# 1) Loading fiqa-pl corpus

In [2]:
from datasets import load_dataset

ds = load_dataset("clarin-knext/fiqa-pl", "corpus")
ds

DatasetDict({
    corpus: Dataset({
        features: ['_id', 'title', 'text'],
        num_rows: 57638
    })
})

In [3]:
corpus = ds['corpus']
corpus

Dataset({
    features: ['_id', 'title', 'text'],
    num_rows: 57638
})

# 2) Preparing elasticsearch

Let's define a link for a local elasticsearch, beacuase i disabled ssl in elastic config we do not need to link to certificate

In [4]:
link = 'http://localhost:9200/'

In [5]:
from elasticsearch import Elasticsearch

es = Elasticsearch(link)
es

<Elasticsearch(['http://localhost:9200'])>

Now let's define the index 
- First we need analyzer one with synonym filter and one without.
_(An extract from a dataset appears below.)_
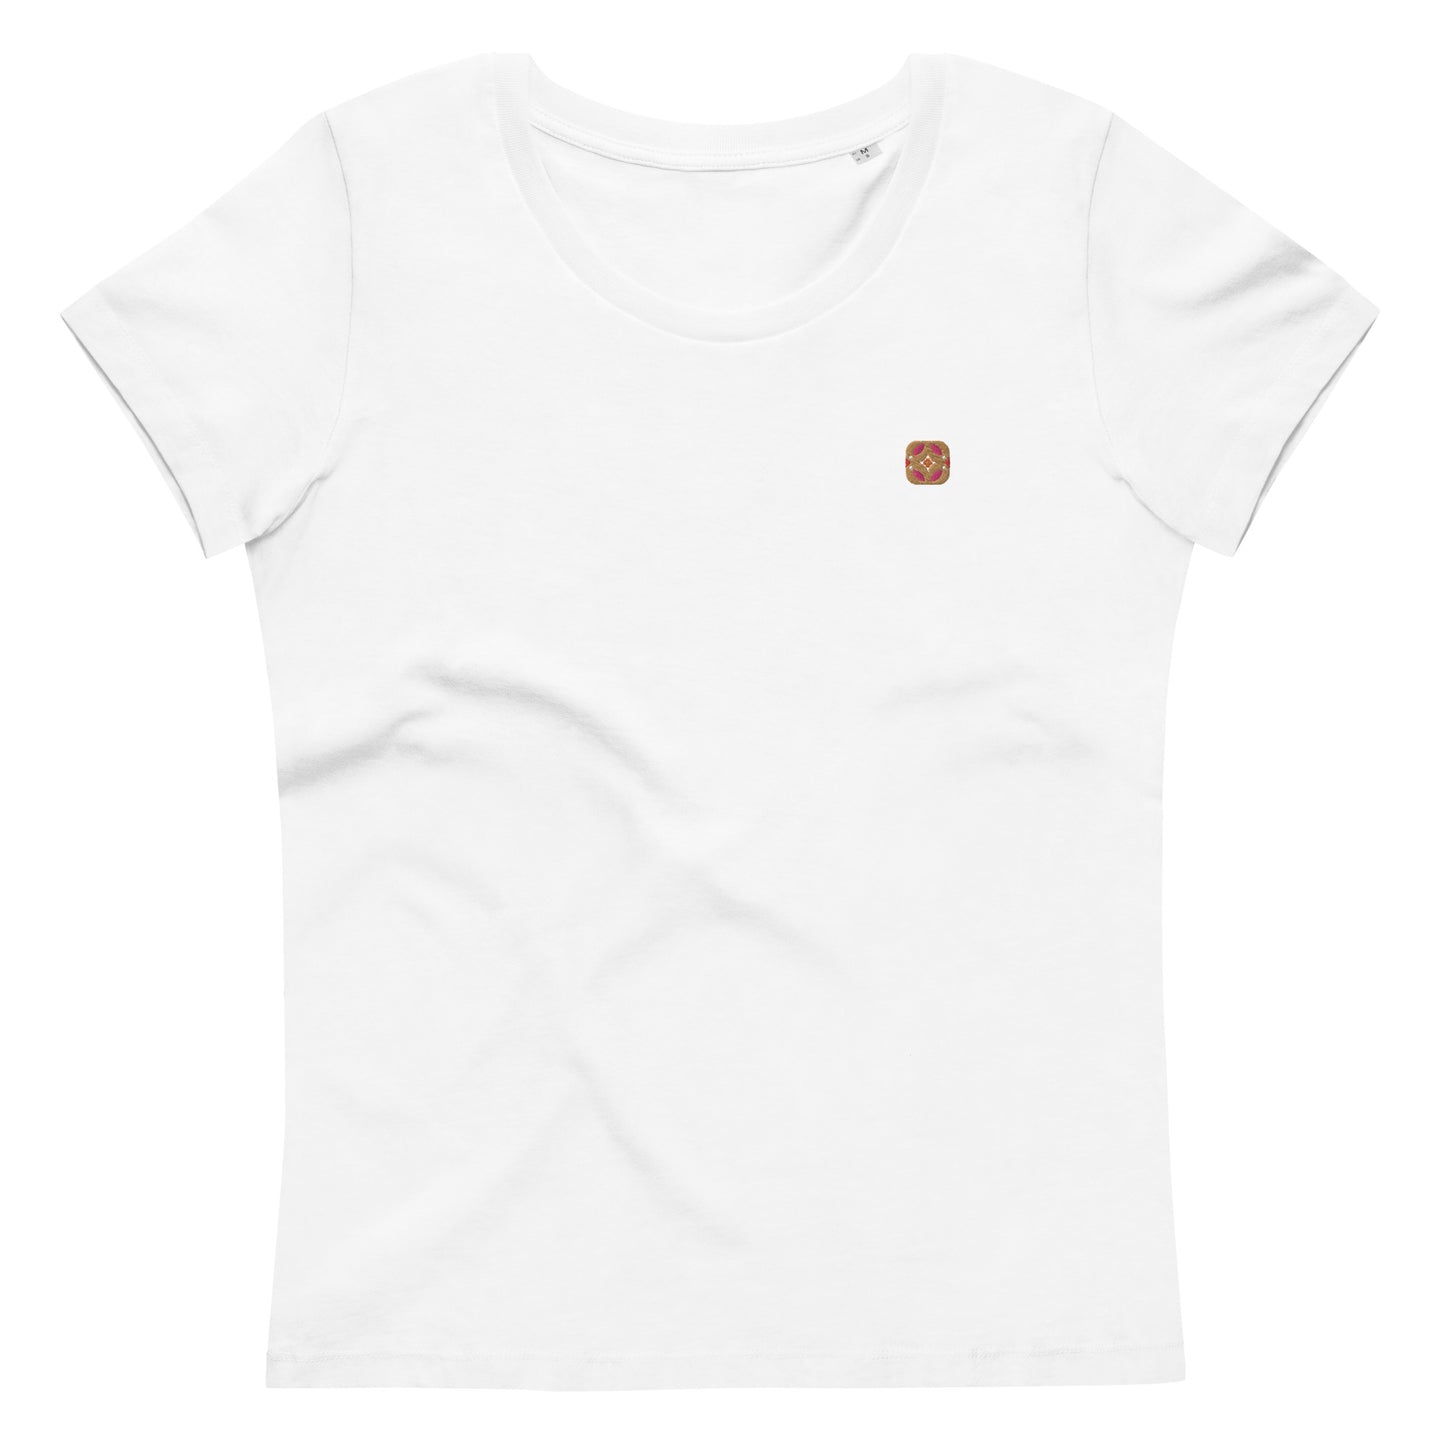 T-shirt bianca ricamata con uccelli primaverili in stile Bauhaus in cotone biologico - Donna bianco
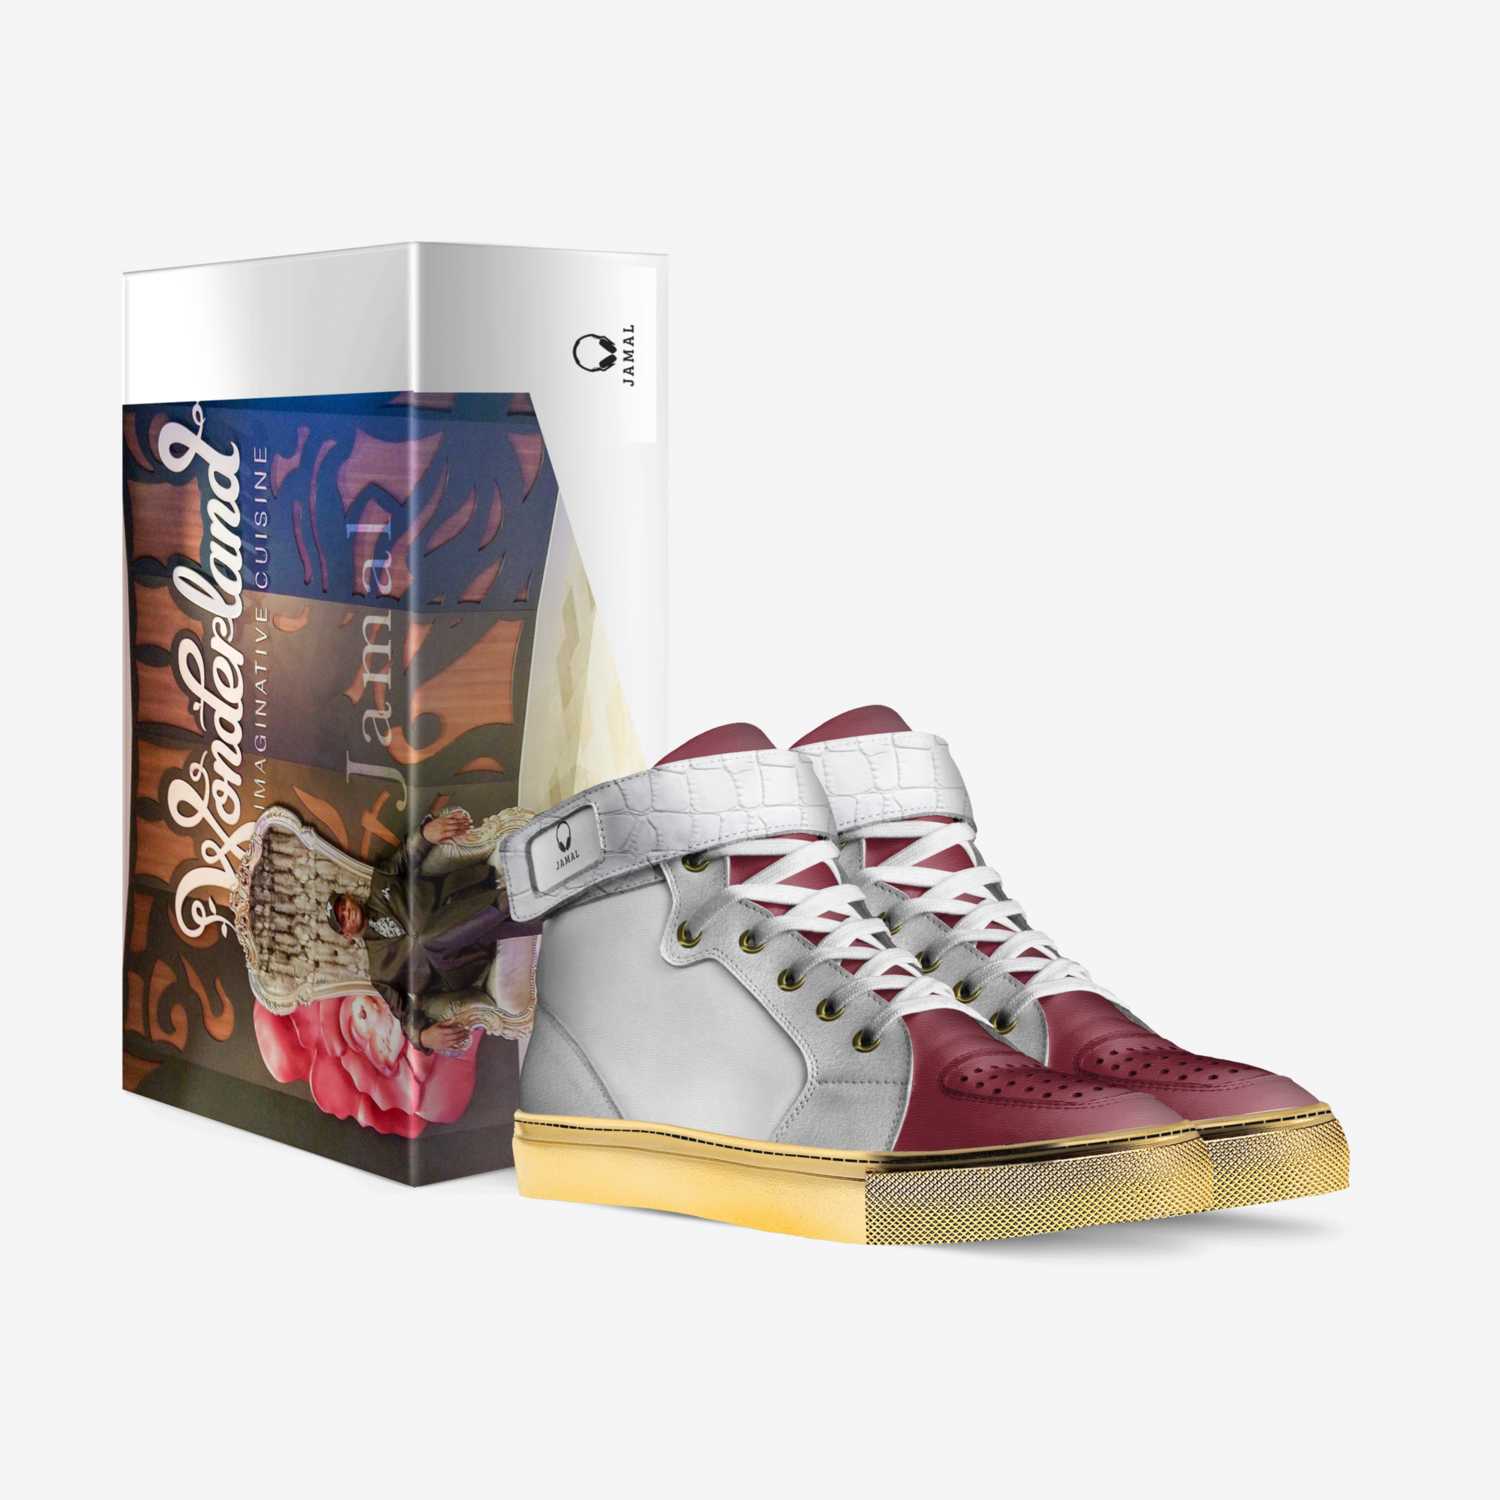 Jamal 1 custom made in Italy shoes by Nio Jackson | Box view

Both have to have lowercase and morfologik_stem filter
- Secondly filter that defines the synonyms for Polish month `kwiecień`
- Thirdly mappings one for each anylzer

In [6]:
index_config = {
    "settings": {
        "analysis": {
            "analyzer": {
                "polish_with_synonyms": {
                    "tokenizer": "standard",
                    "filter": [
                        "lowercase",
                        "synonym_filter",
                        "morfologik_stem"
                    ]
                },
                "polish_without_synonyms": {
                    "tokenizer": "standard",
                    "filter": [
                        "lowercase",
                        "morfologik_stem"
                    ]
                }
            },
            "filter": {
                "synonym_filter": {
                    "type": "synonym",
                    "synonyms": ["kwiecień, kwi, IV"]
                }
            }
        }
    },
    "mappings": {
        "properties": {
            "content_with_synonyms": {"type": "text", "analyzer": "polish_with_synonyms"},
            "content_without_synonyms": {"type": "text", "analyzer": "polish_without_synonyms"}
        }
    }
}


Now we need to prepare texts/documents for elastic indexing. We loop through corpus and index every text. Thanks to `helpers.bulk()` function we can efficiently index multiple documents in a single API call.

In [7]:
from elasticsearch import helpers

index_name =  "biore_sie_do_roboty"

def generate_docs(ds):
    for doc in ds:
        yield {
            "_index": index_name,
            "_id": doc["_id"],
            "_source": {
                "content_with_synonyms": doc["text"], 
                "content_without_synonyms": doc["text"]
            }
        }


Let's also delete and add the index so that we always create a new on

In [8]:
es.options(ignore_status=[400, 404]).indices.delete(index=index_name)
es.indices.create(index=index_name, body=index_config)

try:
    success, errors = helpers.bulk(es, generate_docs(corpus))
    
    print(f"Successfully indexed {success} documents")
    if errors:
        print(f"Errors during indexing: {errors}")
        
except Exception as e:
    print(f"Error during bulk indexing: {e}")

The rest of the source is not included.